I have a DataFrame that is similar this:
id = ['A','A','A','A','A','A','A','A','A','A','A','A','B','B','B','B','B','B','C','C','C','C','C','C',]
time = ['2021-05-02 01:00:00','2021-05-02 02:00:00','2021-05-02 03:00:00','2021-05-02 04:00:00',
'2021-05-02 05:00:00','2021-05-02 06:00:00','2021-05-02 07:00:00','2021-05-02 08:00:00',
'2021-05-02 09:00:00','2021-05-02 10:00:00','2021-05-02 11:00:00','2021-05-02 12:00:00',
'2021-05-02 01:00:00','2021-05-02 02:00:00','2021-05-02 04:00:00','2021-05-02 05:00:00',
'2021-05-02 08:00:00','2021-05-02 09:00:00','2021-05-02 01:00:00','2021-05-02 02:00:00',
'2021-05-02 04:00:00','2021-05-02 05:00:00',
'2021-05-02 08:00:00','2021-05-02 10:00:00']
in_count = [1,1,1,2,1,1,2,5,1,2,1,1,1,2,2,3,1,1,2,1,1,1,2,1]
out_count =[1,1,1,1,1,2,1,1,1,3,1,1,2,2,1,1,2,1,1,2,1,1,2,1]
in_distance = [12,12,14,12,10,8,12,10,12,12,13,12,12,12,11,18,13,12,20,21,15,12,12,21]
out_distance = [10,10,10,11,11,21,12,14,12,13,13,13,22,21,13,12,21,11,11,21,21,11,11,21]
d = {'id': id, 'time': time, 'in_count':in_count,'out_count':out_count,'in_dist':in_distance,'out_dist':out_distance}
df = pd.DataFrame(d)
df['time'] = pd.to_datetime(df['time'], format = '%Y-%m-%d %H:%M:%S')
df = df.pivot(index='id', columns='time', values=['in_count', 'out_count','out_dist','in_dist'])
df
I need to replace the NaN values in the in_dist columns with the mean of the values from the other in_dist columns for that specific ID.

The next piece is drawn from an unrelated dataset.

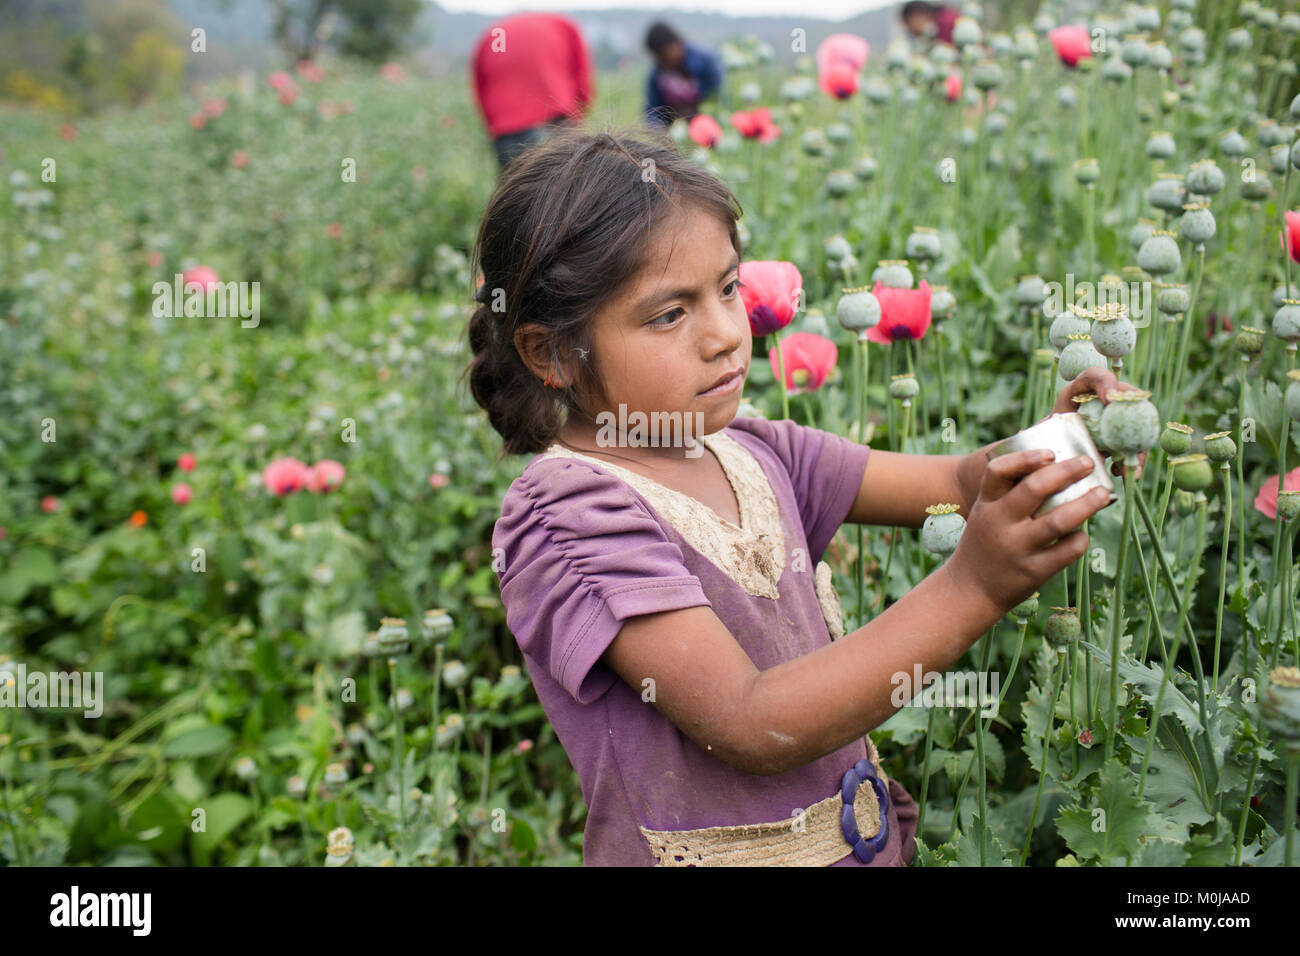 Une jeune fille tire "GUM", un liquide laiteux qui s'échappe des fleurs de  pavot et est plus tard transformé en héroïne, dans l'État mexicain de  Guerrero, le 23 avril 2016. Guerrero est

i.e the in_dist NaNs for ID B would be the mean of 11,18,13,12 (ignoring the in_count values, out_dist values etc for ID B)
CodePudding user response:
Use slicing and fillna
:
df['in_dist'] = df['in_dist'].T.fillna(df['in_dist'].mean(axis=1)).T
As fillna
does not support a Series on axis=1 we can use a double transposition.